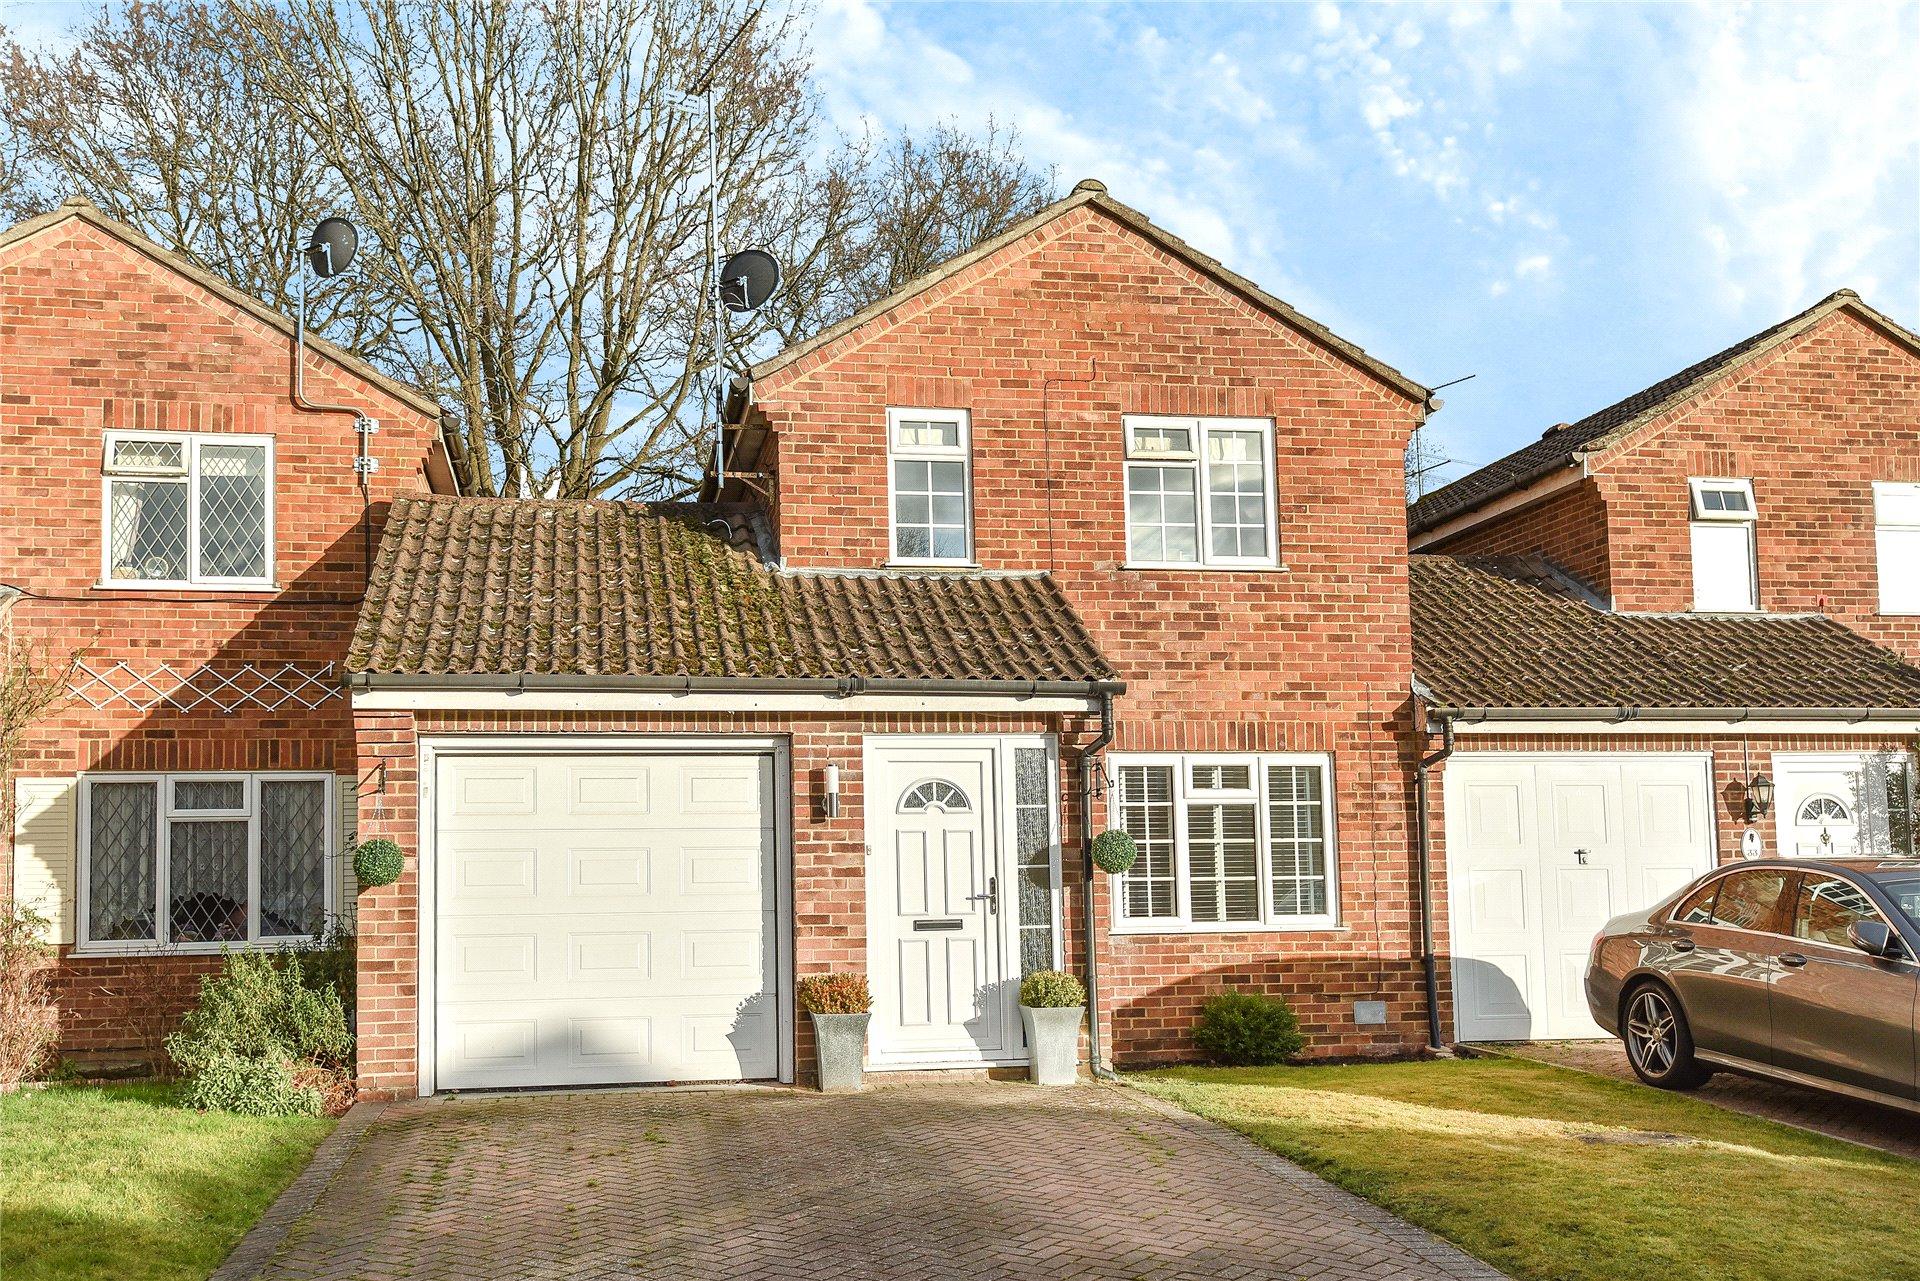 3 Bedrooms Link Detached House for sale in Rother Close, Sandhurst, Berkshire, GU47
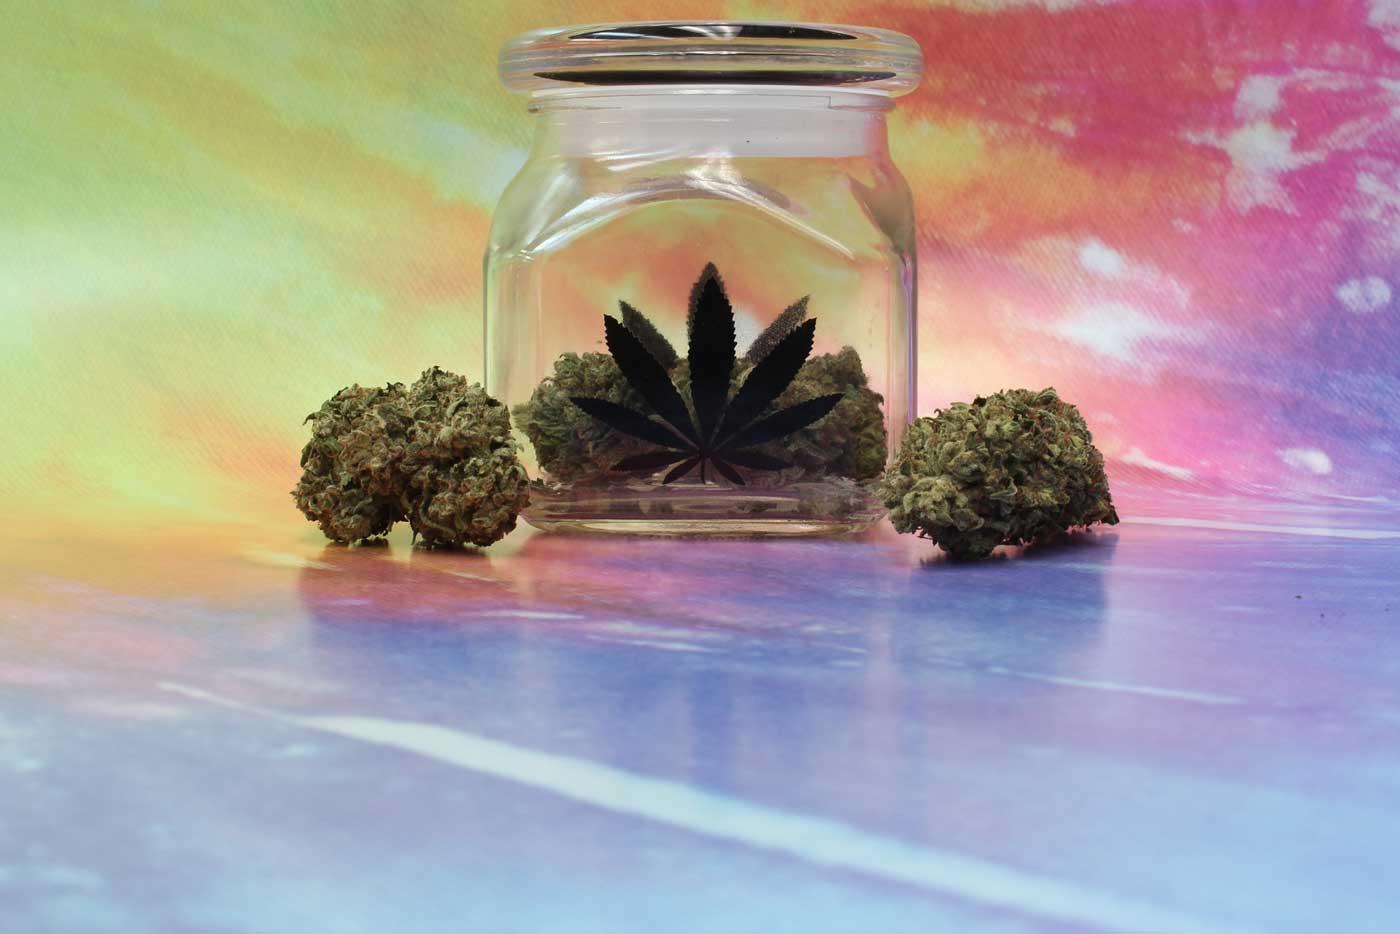 Marihuana medicinal rica en CBD
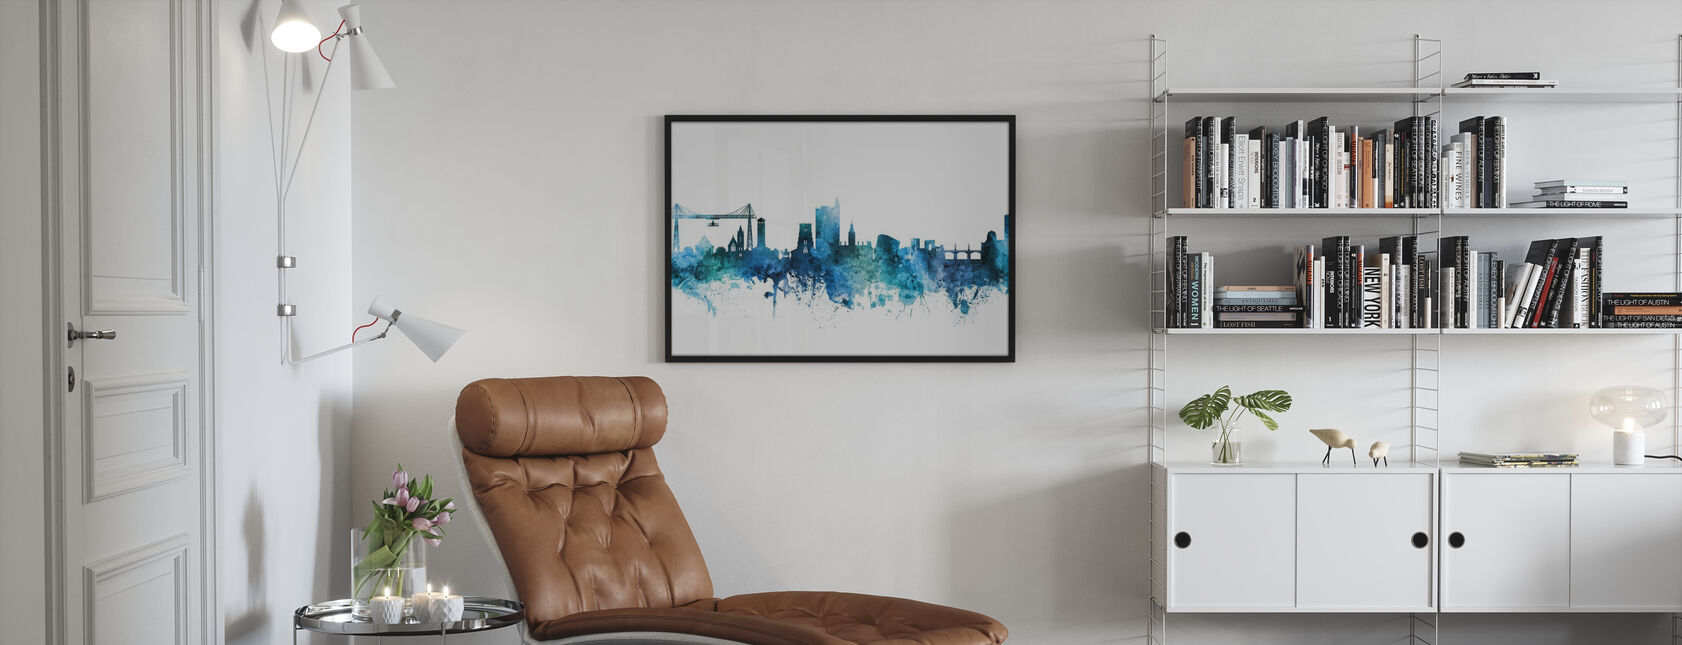 Newport Wales Skyline - Framed print - Living Room
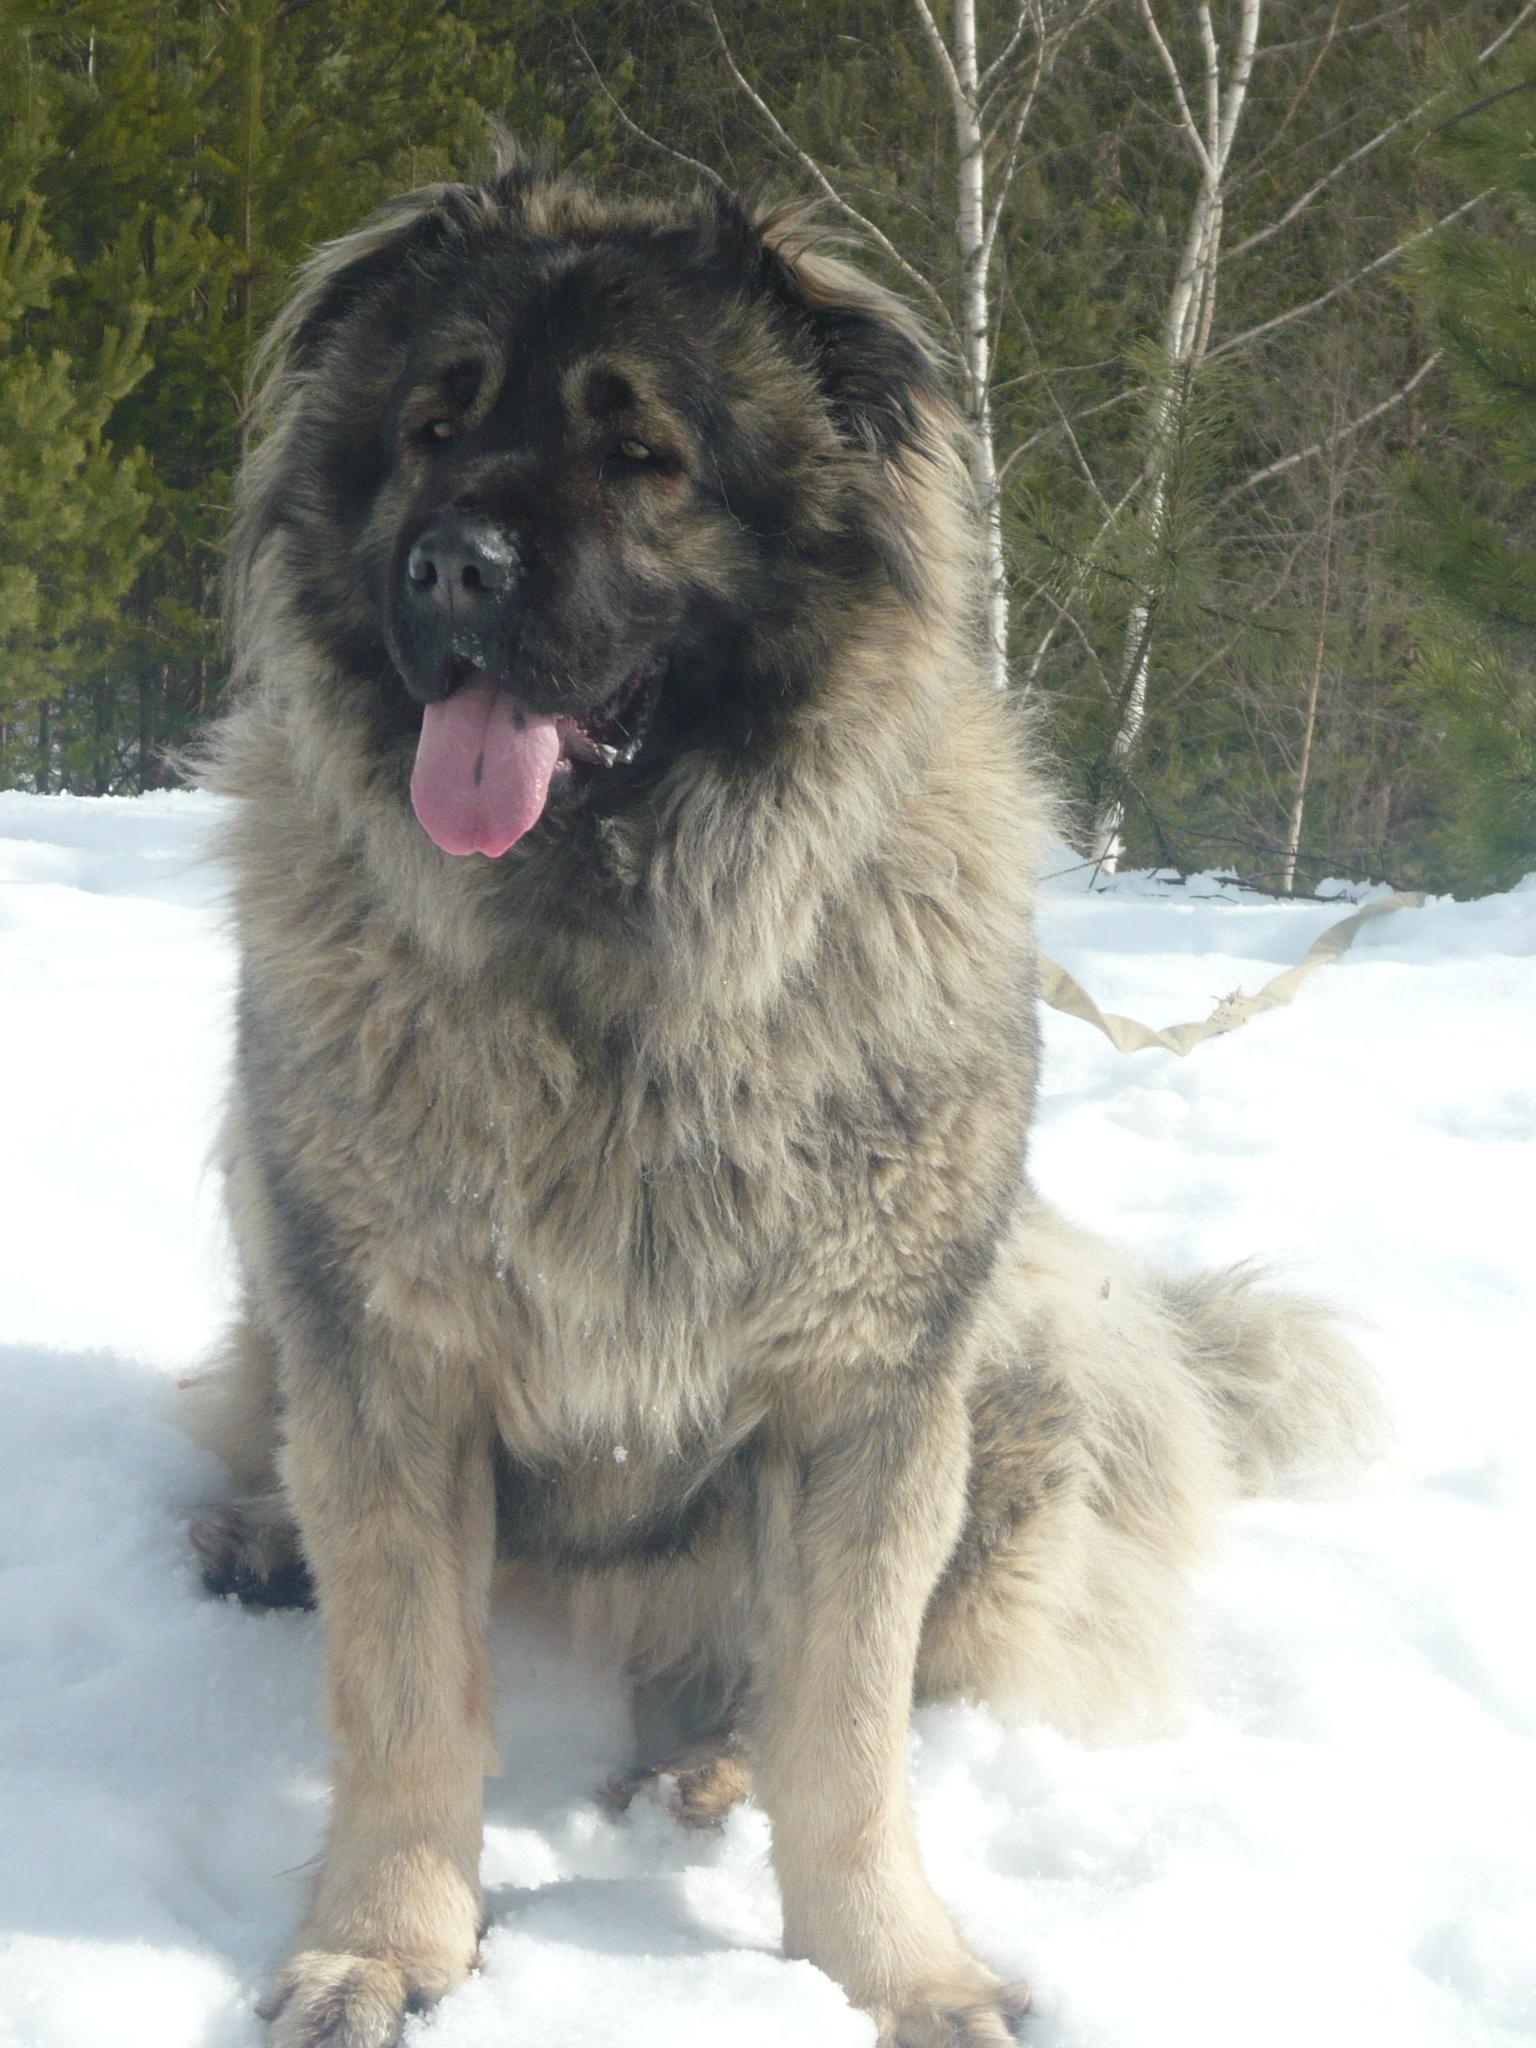 кавказская овчарка Анри, Caucasian Shepherd dog Anri, kavkazskaya ovchaka Anri

..........

» Task goal
Top to bottom, retype the listing exactly but drop every picture.

» Reply
 3 Bedrooms Link Detached House for sale in Rother Close, Sandhurst, Berkshire, GU47
 Marihuana medicinal rica en CBD
 Newport Wales Skyline - Framed print - Living Room
 кавказская овчарка Анри, Caucasian Shepherd dog Anri, kavkazskaya ovchaka Anri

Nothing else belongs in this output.